Andrew Guyda

Personal information
- Full name: Andrew W. Guyda
- Birth name: Andrew Gajda
- Date of birth: February 26, 1907
- Place of birth: Manchester, New Hampshire, U.S.
- Date of death: June 4, 1956 (aged 49)
- Place of death: Waltham, Massachusetts, U.S.
- Position: Forward

Senior career*
- Years: Team / Apps / (Gls)
- 1926–19??: Revere Corinthians
- Boston Soccer Club
- Thornton Victorias
- Boston Celtics
- Lusitano Recs

International career
- 1936: United States / 1 / (0)

Managerial career
- Harvard Crimson (assistant)
- Harvard Crimson (freshmen)

= Andrew Guyda =

American soccer player (1907–1956)

Andrew W. "Poly" Guyda (born Andrew Gajda; February 26, 1907 – June 4, 1956) was an American soccer player who was a member of the U.S. soccer team at the 1936 Summer Olympics.

==Early life==
Guyda was born in 1907 in Manchester, New Hampshire as Andrew Gajda.

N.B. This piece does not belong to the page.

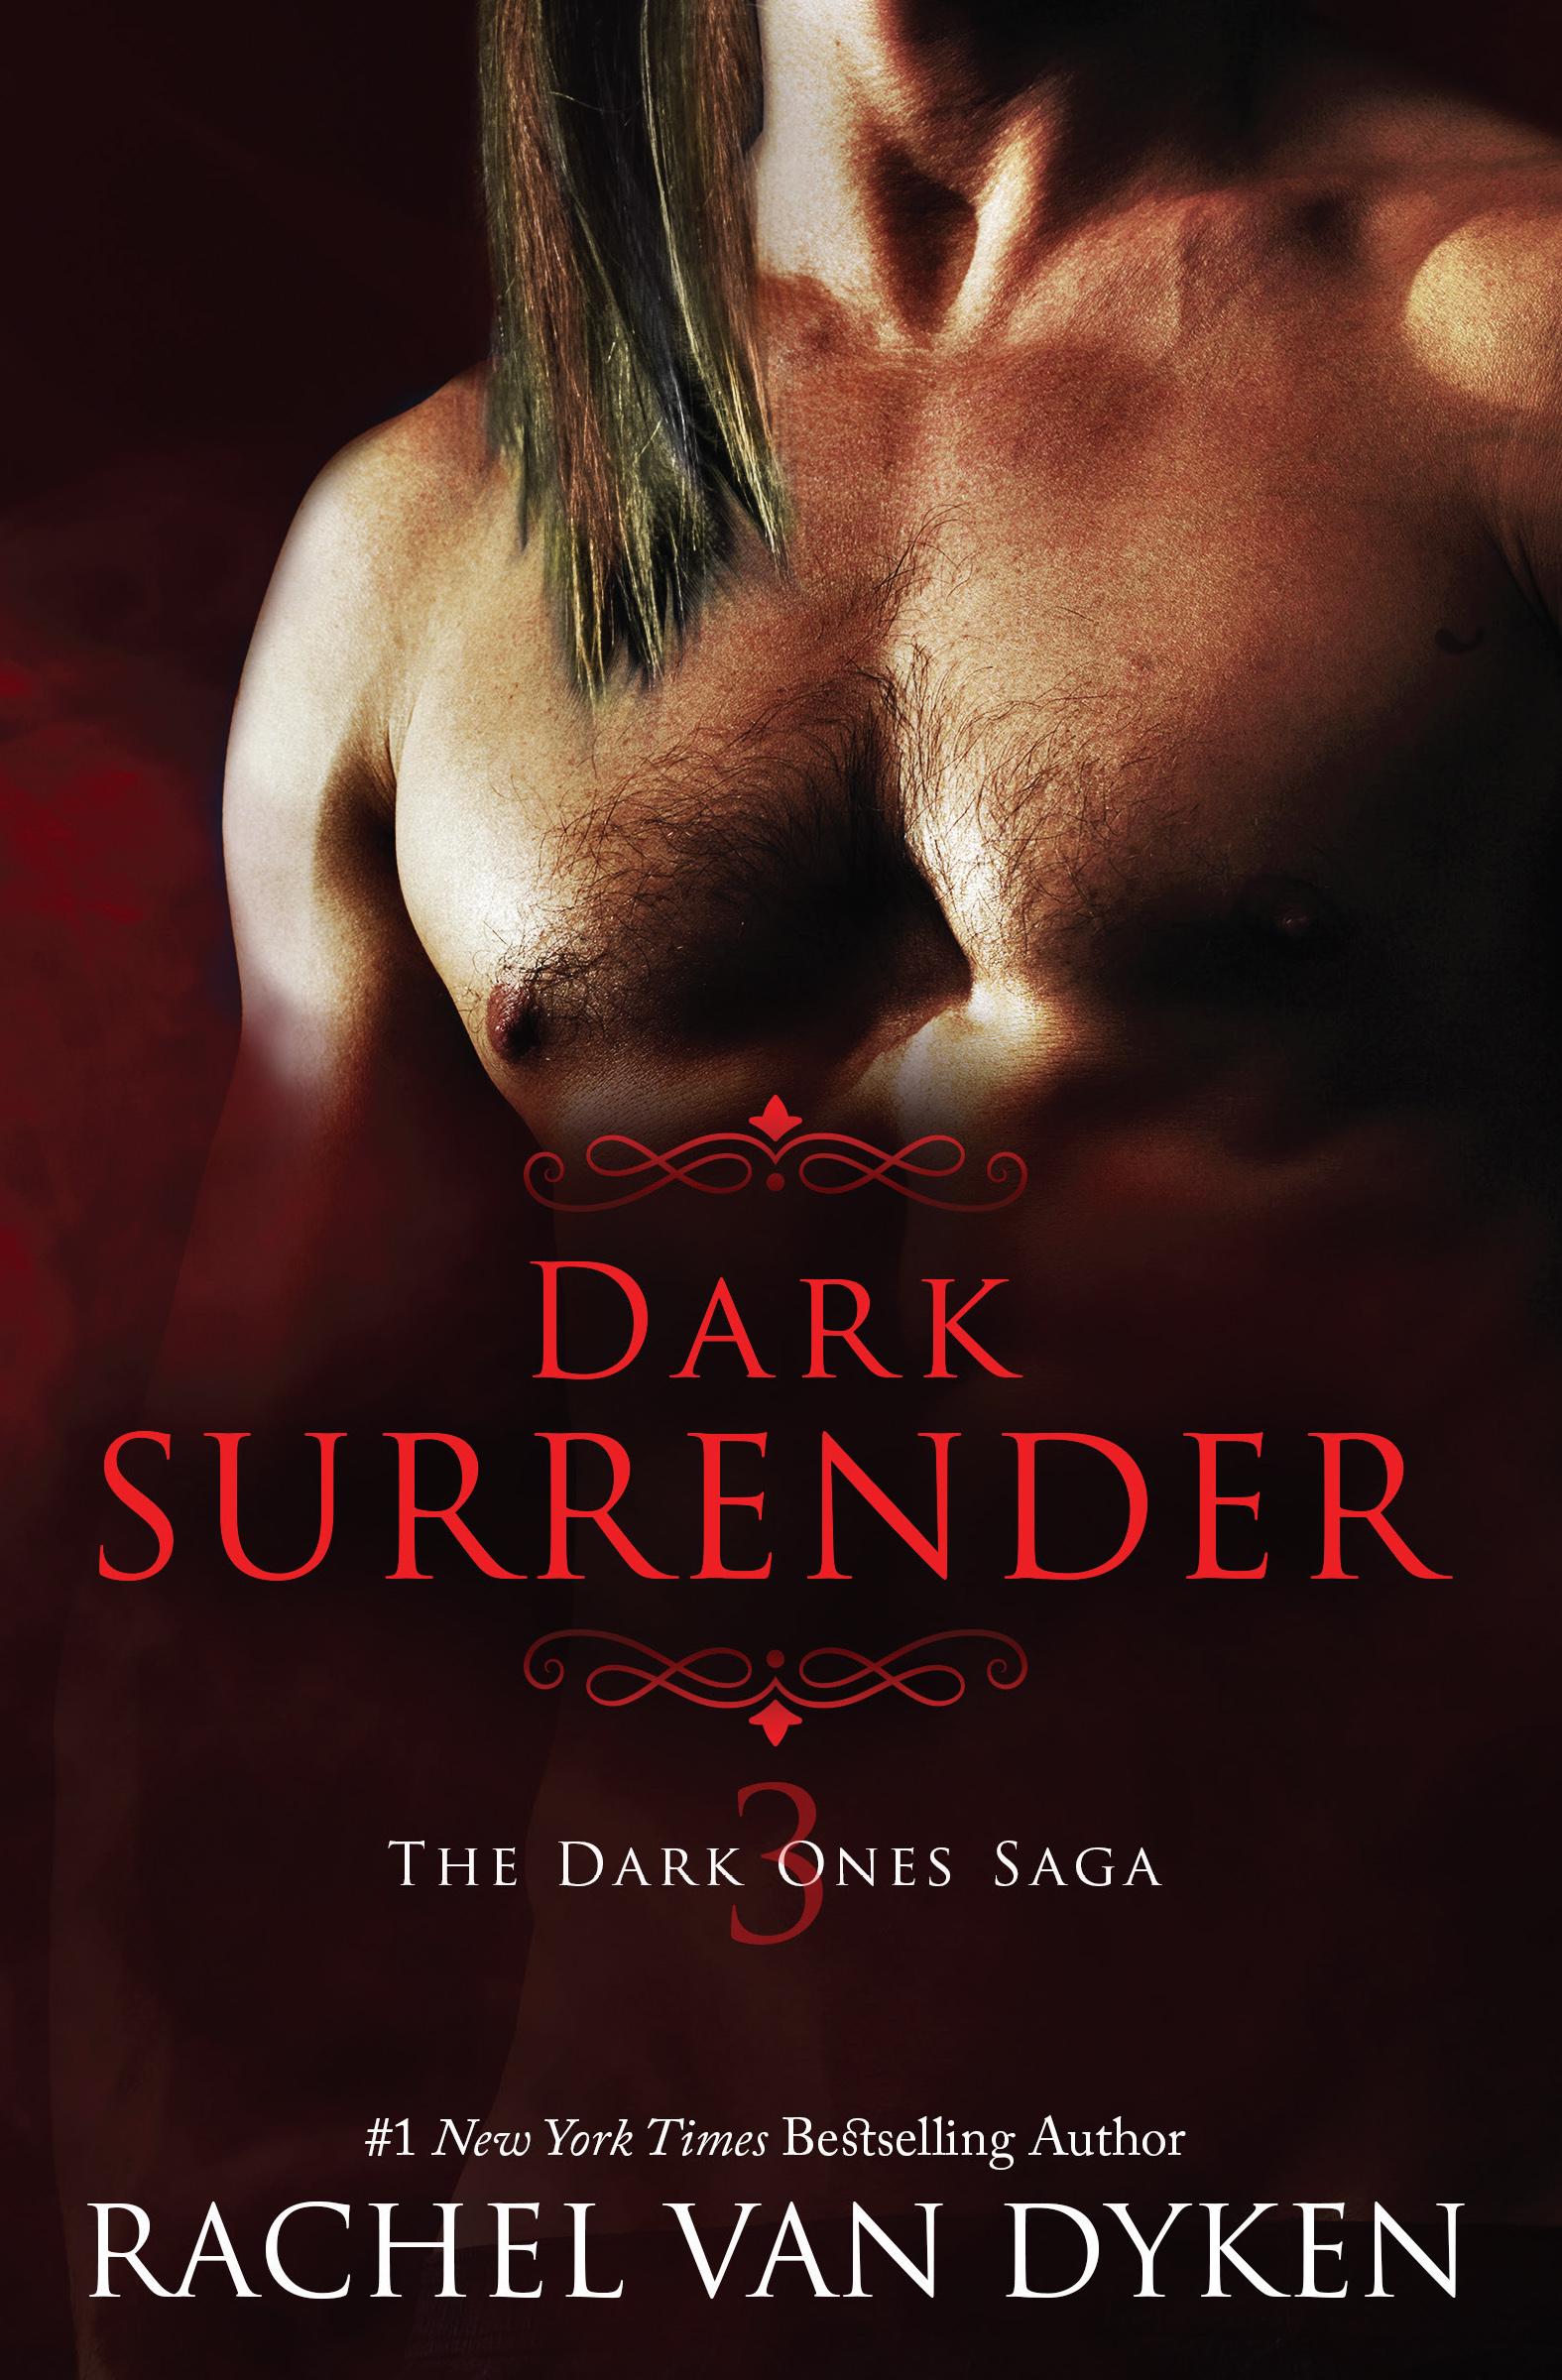 DarkSurrender_eBook_HiRes.jpg

He attended Manchester High, where he was a football quarterback from 1924 to 1926. He later went to Lowell Institute and Massachusetts Institute of Technology for college.

==Career==
Guyda was known for being a smaller player in stature. Guyda was signed by the Revere Corinthians in 1926, and later played for other soccer teams such as Boston Soccer Club, Thornton Victorias, Boston Celtics, and Lusitano Recs. Guyda also won the two mile two-state championship in 1929. Guyda was selected to play for the United States men's national soccer team at the 1936 Summer Olympics and played as part of the American League All-Star team in 1934 in Europe. Guyda hurt his knee in 1938, which put him out of action for several months.

==Later life and death==
Guyda later served as an assistant coach at Harvard, as well as head coach of the freshman team. He died at his home in Waltham, Massachusetts, on June 4, 1956.